▸ **What you are asked to do**: Please repeat the whole listing exactly, but leave out any picture it holds.

▸ **Dataset extract**:
----------
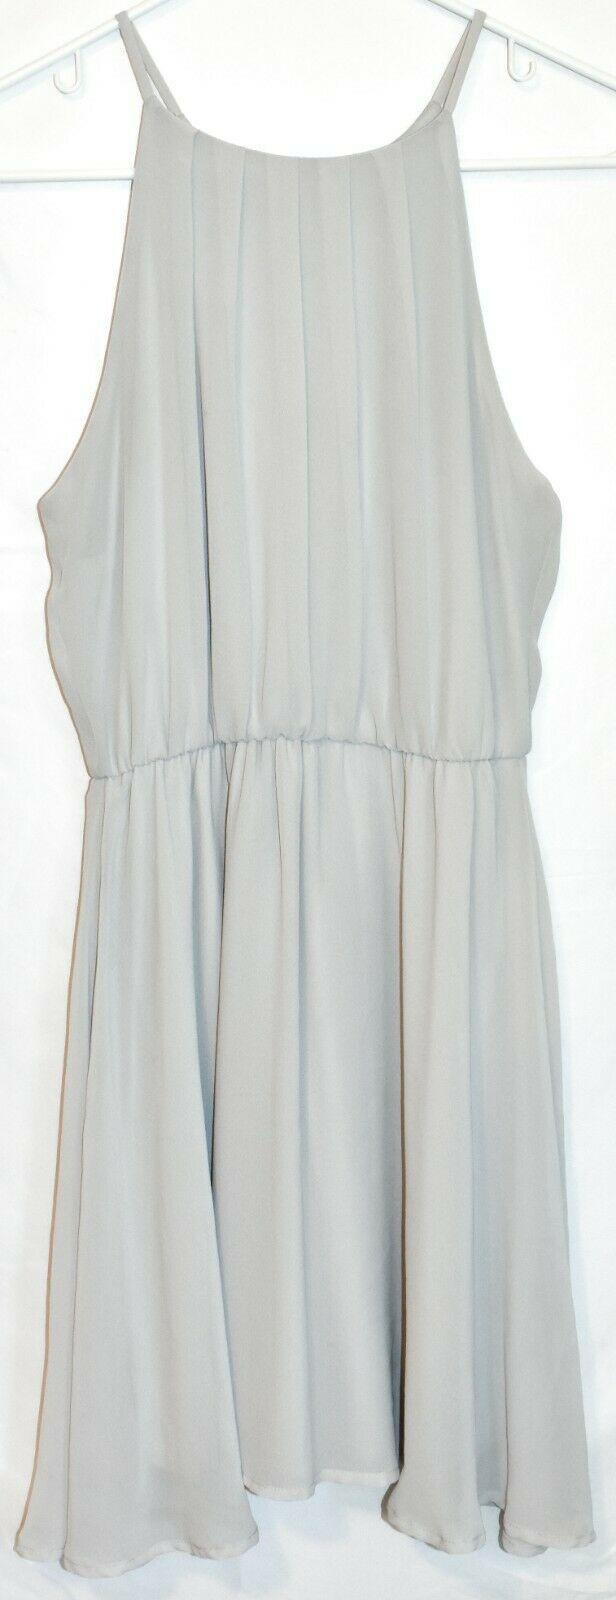 Lush Women's Light Gray High Neck Sleeveless Blouson Chiffon Skater Dress Size S
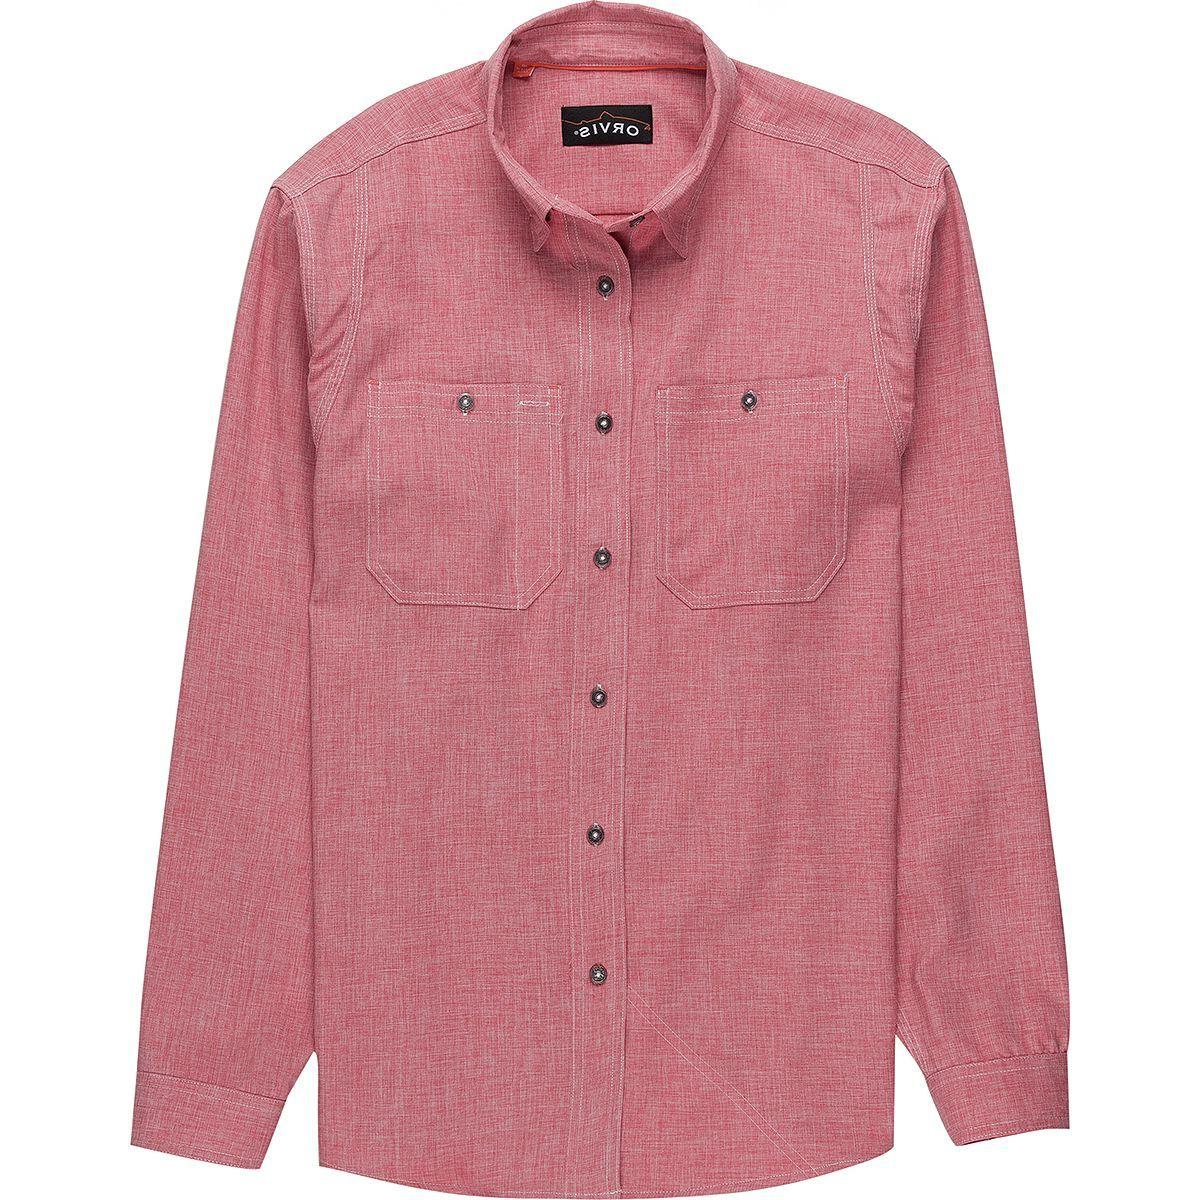 Orvis Tech Chambray Work Shirt - Men's
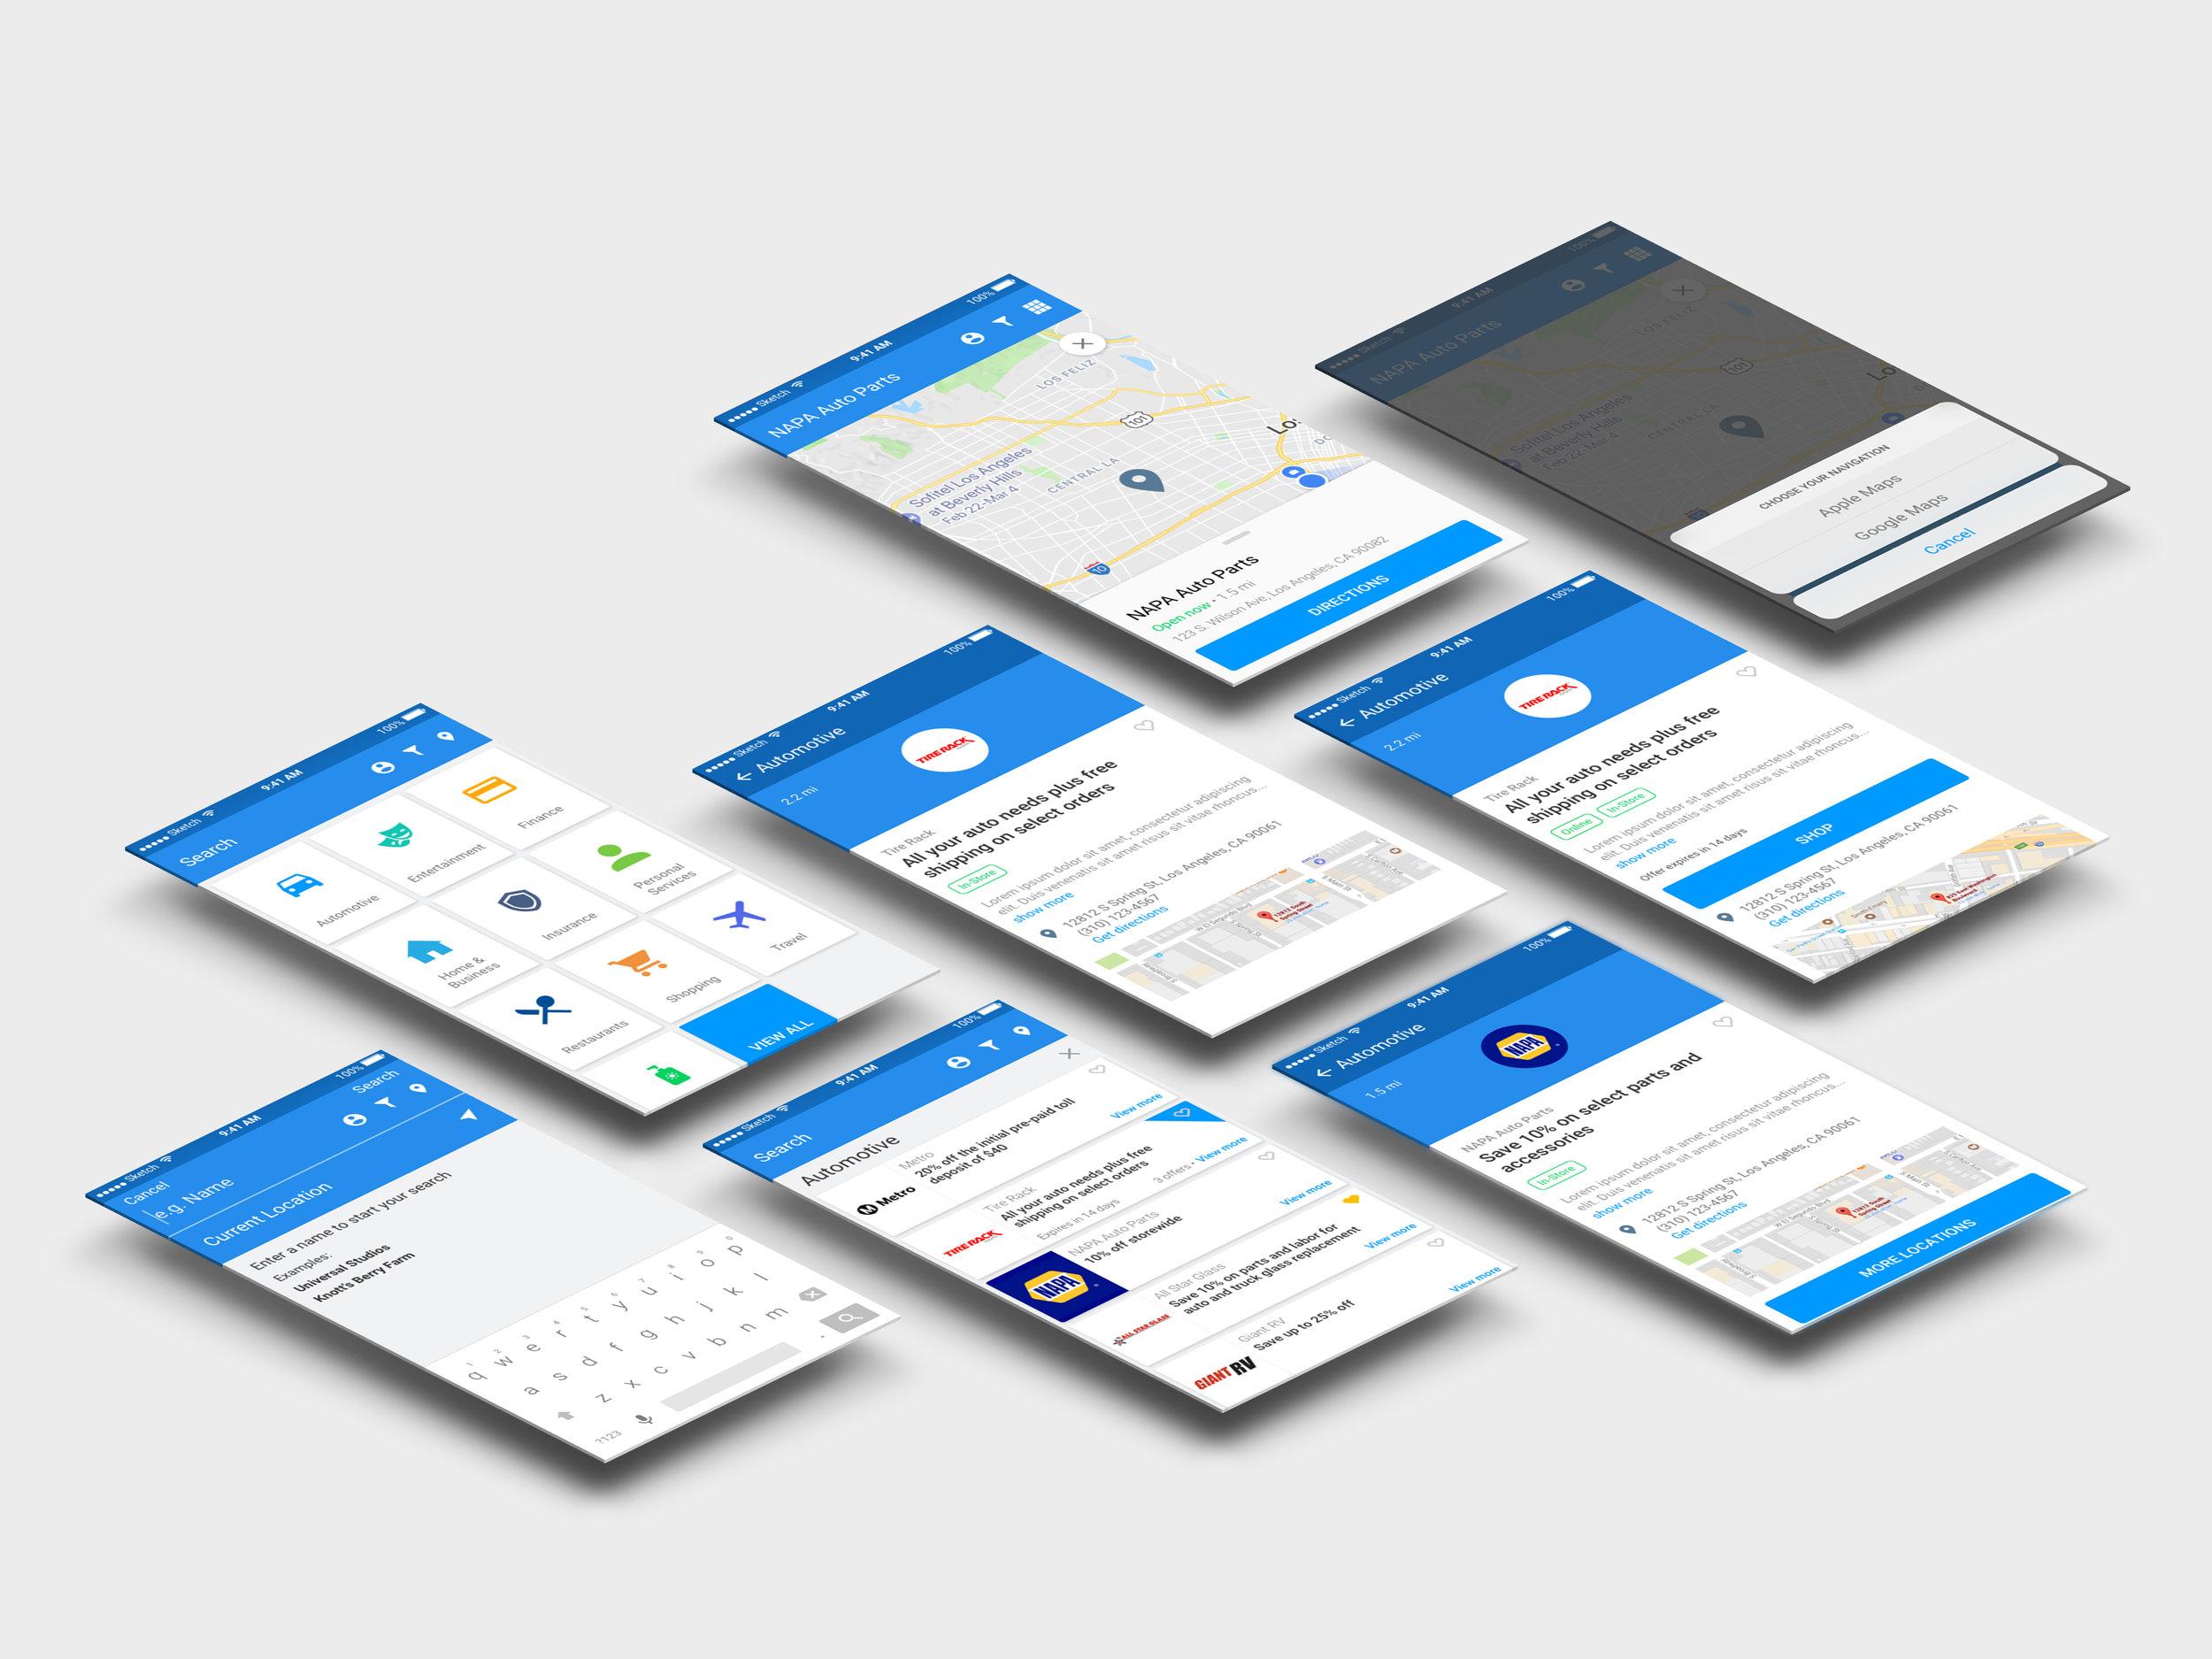 discounts-app-screens.jpg
----------
▸ **Result of this task**:
 Lush Women's Light Gray High Neck Sleeveless Blouson Chiffon Skater Dress Size S
 Orvis Tech Chambray Work Shirt - Men's
 discounts-app-screens.jpg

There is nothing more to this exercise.